Give the lines again exactly as they appear below, from the line with "Mastodon Cold Dark" to the line with "Red Sparkling Glitter", both included, and only those lines. Leave every picture out.

Records shown
* * * * * * * * *
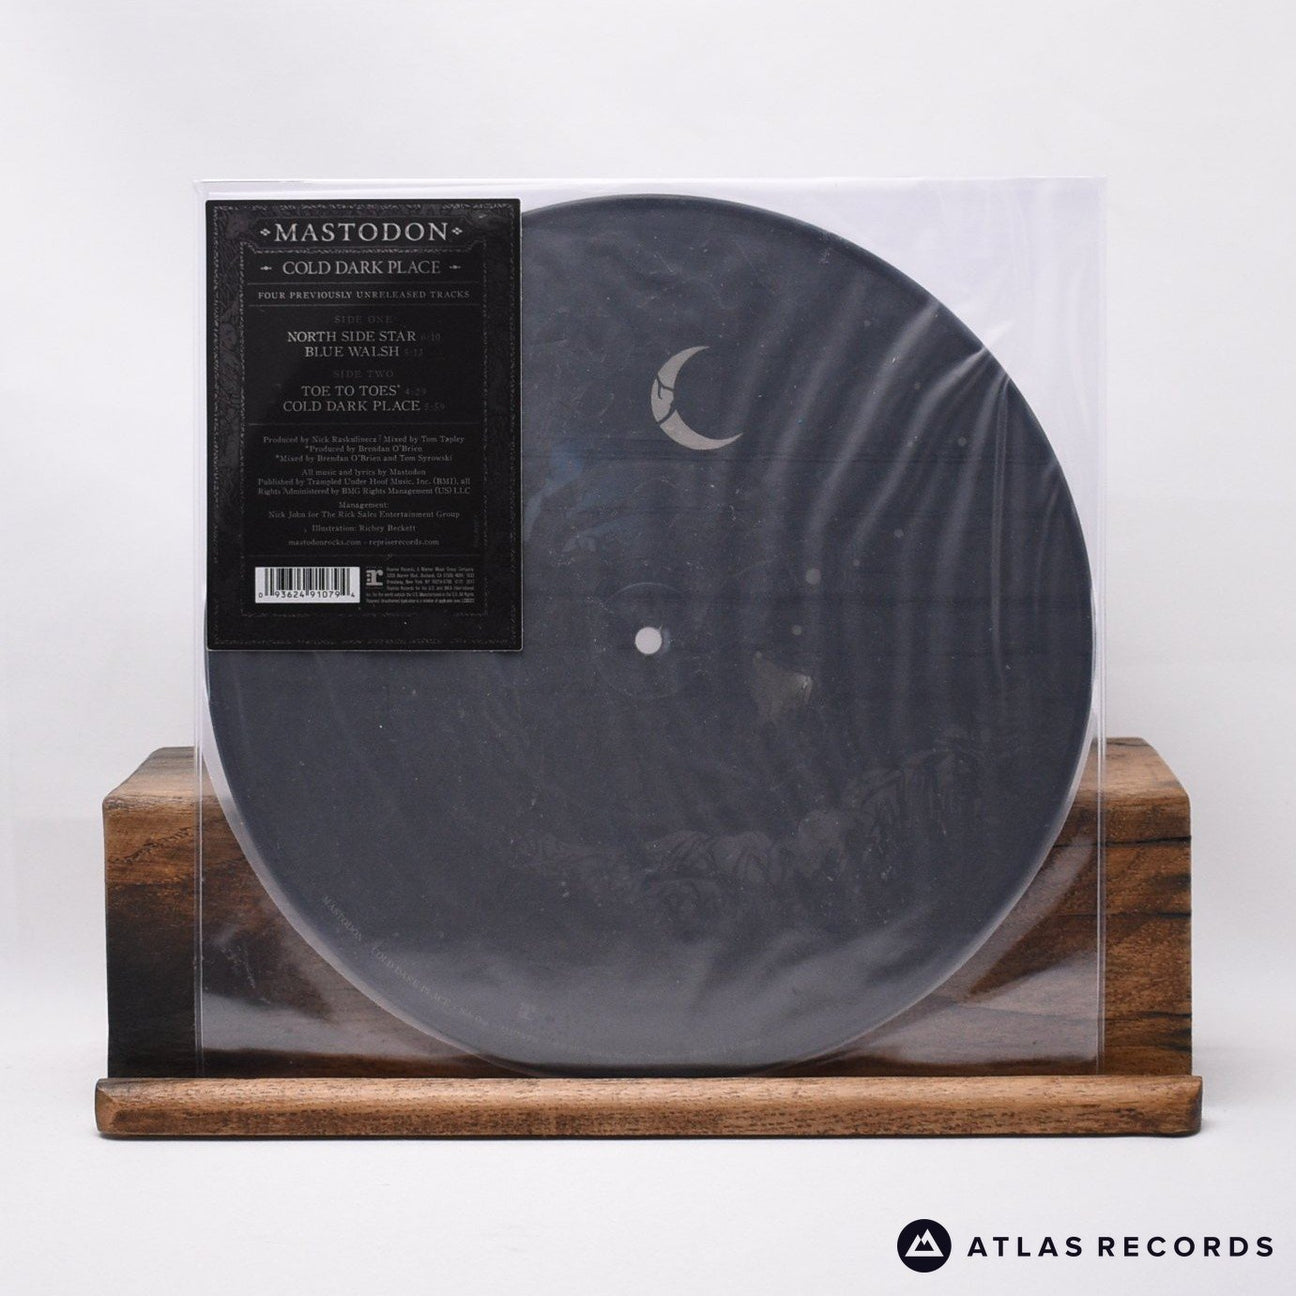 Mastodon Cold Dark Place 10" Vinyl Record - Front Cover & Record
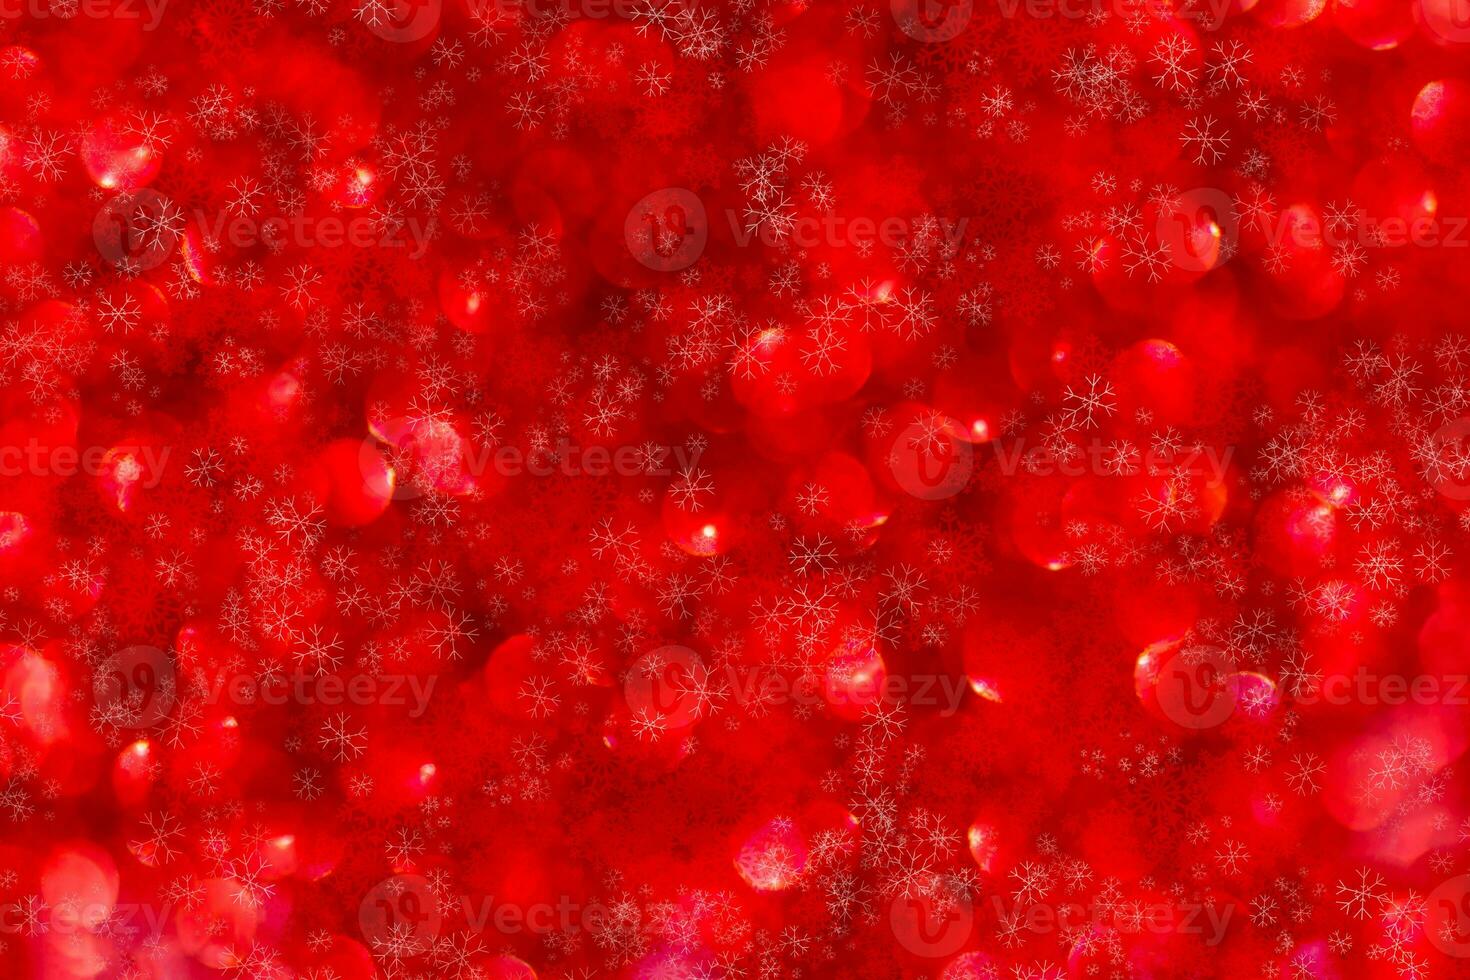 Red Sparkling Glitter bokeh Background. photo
* * * * * * * * *
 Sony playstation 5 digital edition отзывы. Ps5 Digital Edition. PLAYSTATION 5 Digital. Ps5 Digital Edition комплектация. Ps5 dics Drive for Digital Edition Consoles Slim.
* * * * * * * * *
Written solution
 Mastodon Cold Dark Place 10" Vinyl Record - Front Cover & Record
 Red Sparkling Glitter bokeh Background. photo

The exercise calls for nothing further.